Editor’s Note: This is the seventh in a series of guest posts that will be appearing on this blog about teaching math to English Language Learners.  I’ll be posting them over the next few weeks, and adding each one to The Best Resources For Teaching Common Core Math To English Language Learners.

The first in the series was “Speaking of Math: It’s time to talk in class” by Alycia Owen.

The second was “Support Reading, Support Mathematics Understanding” by Cindy Garcia.

The third was  Teaching Math To English Language Learners by Hannah Davis.

The fourth was Supporting ELLs in Math Instruction by Nicholas Pesola

The fifth was Quick tips for making ELL students comfortable in the Math Classroom by Sarah Peterson

The sixth was Guest Post: In Math, 2 is company and 3 is never a crowd by Alicia Fisher

 

Today’s post is by Catherine Murphy & Molly Rawding

 

Catherine Murphy is an English Language Learner specialist at Fiske Elementary school in Lexington, MA.  She has taught second language acquisition for 25 years at the high school, middle school, and elementary levels.

Molly Rawding has been a math coach at Fiske Elementary school for the past four years. She has over 17 years teaching and coaching at the middle and elementary school levels. She is interested in how students and teachers engage in mathematics in fun, creative ways that are focused on sense-making.

 

Our journey together started with the word “row”. Row is a tier 2 word that a teacher might typically overlook in direct instruction. Close inspection of a struggling 3rd grade student’s  state test score helped us to realize that in five problems answered incorrectly, the word “row” appeared in all of them. Here’s the catch: the student was not an ELL, but a Native English speaker  living in a monolingual home. This was just one example showing us that we needed to work on explicitly teaching the language of math to all students.

Our work around mathematics at Fiske Elementary uses Jo Boaler’s (retrieved from youcubed.org) positive math norms. The belief that “math is about connections and communicating” is a cornerstone for our work, and knowing that our ELLs needed scaffolds to engage with the academic language of math, we started by creating vocabulary resources for teachers. These resource would incorporate Marie Calderon’s 7 step method (“Teaching Reading & Comprehension to English Learners K‐5,” 2011) and Isabel Beck’s  (Bringing Words to Life, 2002) model for tiered vocabulary terms. As an ELL specialist and math coach, we collaboratively chose the academic terms that were most impactful for math comprehension and created powerpoint slides with visuals and oral language prompts.

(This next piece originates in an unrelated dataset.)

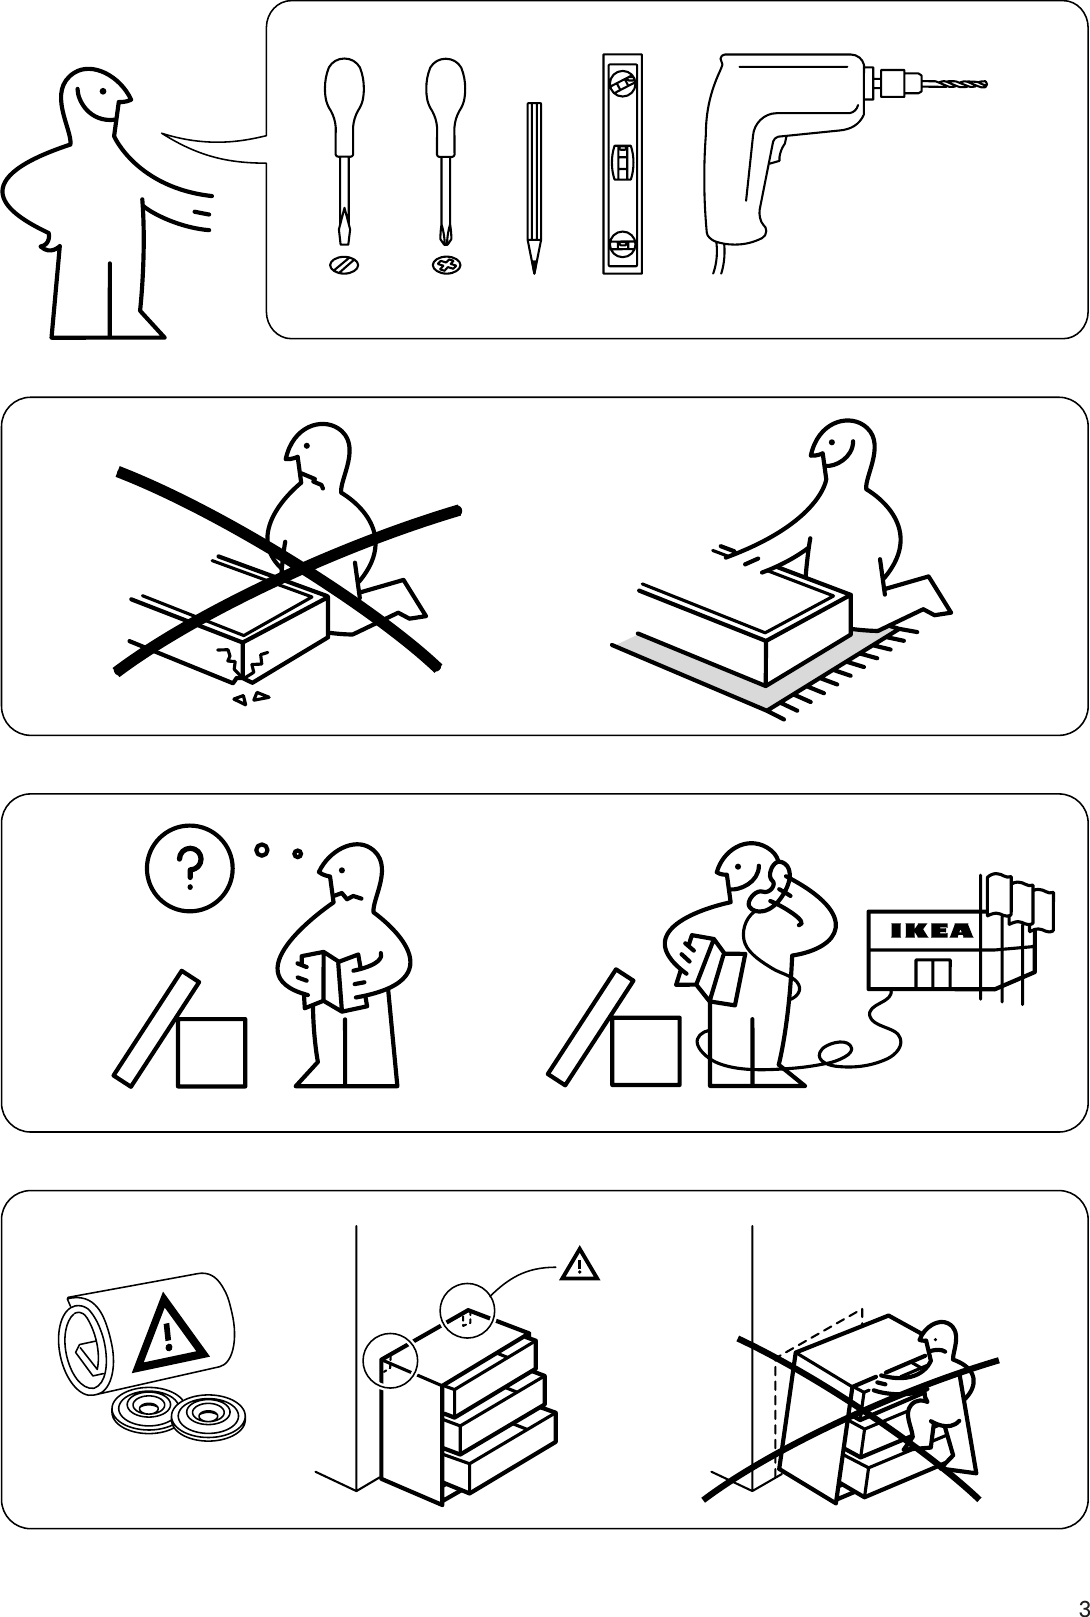 Page 3 of 12 - Ikea Ikea-Traby-Shelf-Unit-16X16-Assembly-Instruction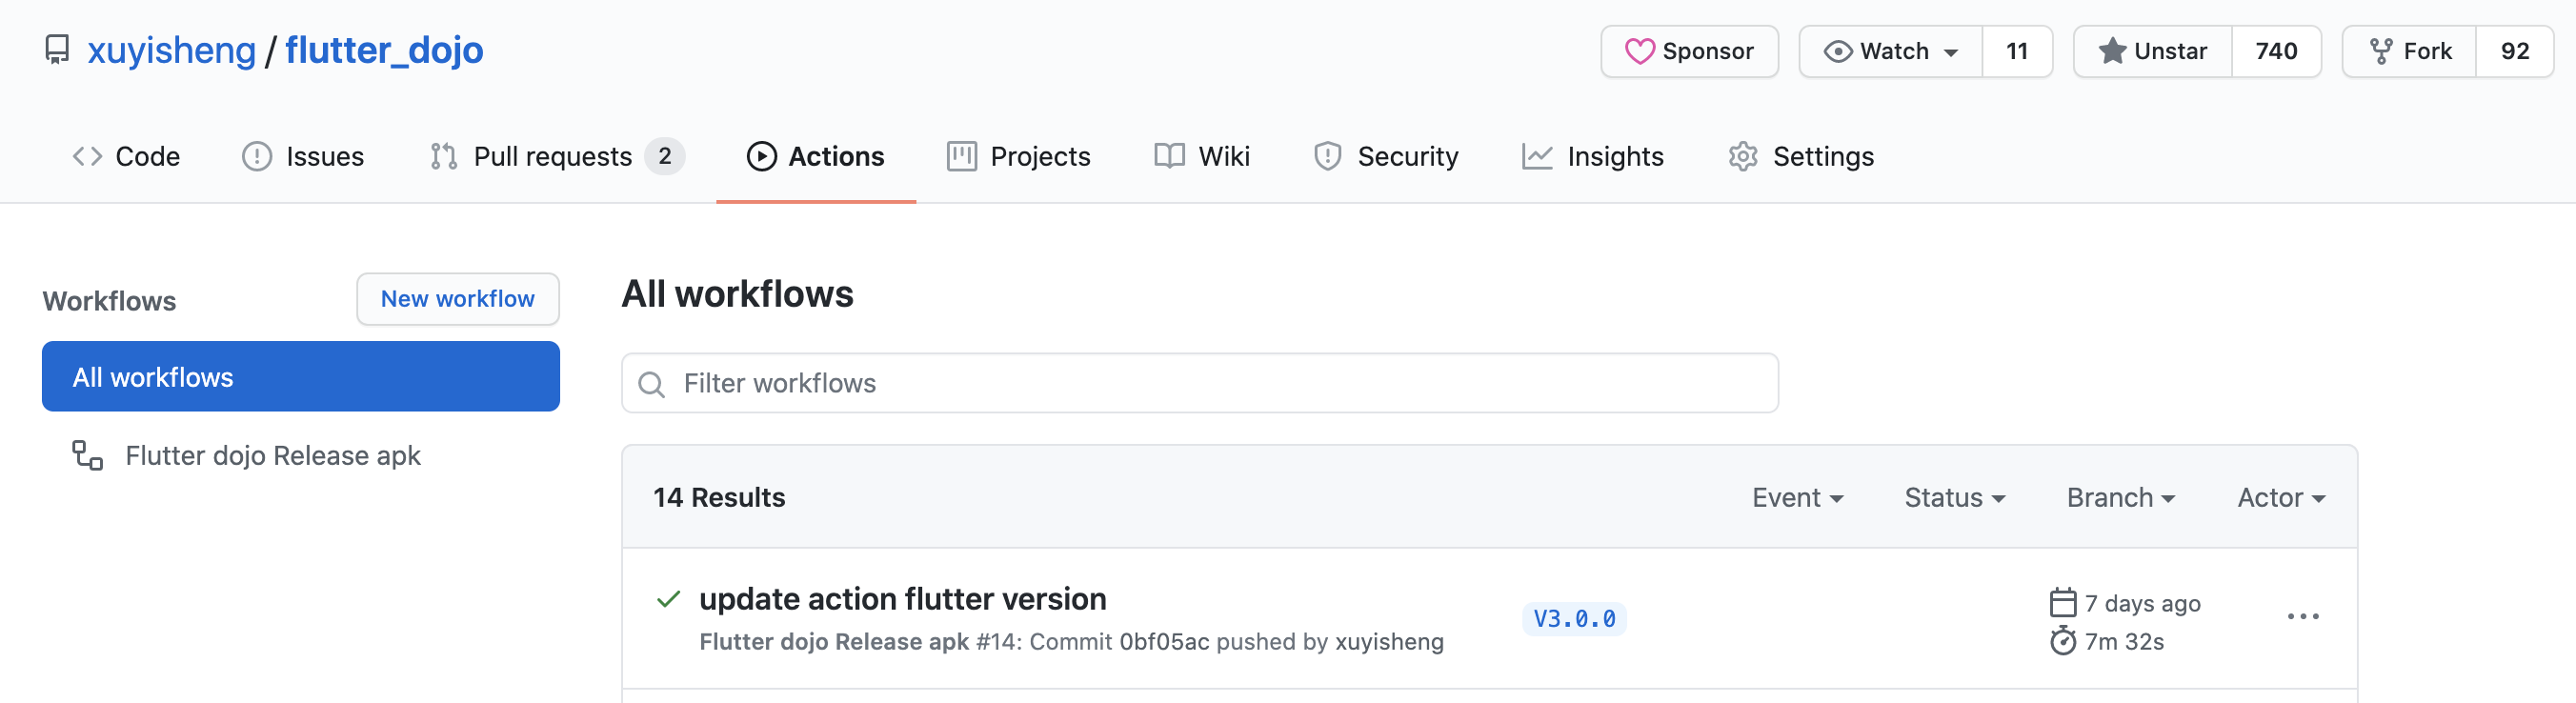 Flutter Dojo设计之道——利用Github打造完善的开源项目-鸿蒙开发者社区

The final step was implementation so we took our show on the road. Starting in second grade classrooms, we introduced the terms “row” and “column.” According to Calderon’s 7 step technique, the direct instruction of tier two words should only be two or three minutes. At first, our vocabulary lessons were longer than we planned, but by the time we visited the third classroom, we could introduce one word with this strategy in just about three minutes. We modeled this strategy in many classrooms and continued to refine our work, ending up with a field-tested presentation which teachers could then implement on their own. The following spring, we shared our work at the 2015 MATSOL Conference in Framingham, MA. Currently these slides are in our district wide online curriculum map that is accessible to teachers.

adapted from Jo Boaler’s work – those norms can be found on youcubed.org.

After the row and column adventures, we began to explore other ways to talk about math in a way that encouraged students to share their thinking while creating a safe space for different ideas. One routine that we have used school-wide is “Which One Doesn’t Belong” (WODB). In this routine, four images are presented and there is a reason why each one does not belong. For example, in this WODB with dominoes, there is a reason why each image doesn’t belong. What can you come up with? To support our students, we routinely made word banks for these prompts which we shared with teachers to use in their classrooms. Students engaged in academic conversations using sentence frames and visuals.  Using comparative language, students discussed how the images were connected and/or different from each other. Prompts such as “how are they the same” and” how are they different” prepared students, not only for identifying values and attributes in math, but incorporating language using scaffolds.

In the coming year we plan to continue teaching the language of math by:

  1. Co-teaching lessons in the ELL pull-out classroom to expose our shared ELLs to rich academic language activities;
  2. Collaborating regularly to continue to develop scaffolds to promote math talk;
  3. Planning a math night and a morning coffee to engage families.

We are fortunate to have had opportunities to both co-teach in the classroom setting and in the ELL pull-out classroom. As an ELL teacher and a math coach, we understand that the key for all students to make sense of mathematics is to provide them with discrete instruction of academic language. By making time to collaborate and co-teach we are supporting our ELLs to engage in rich mathematics because everyone is a math person!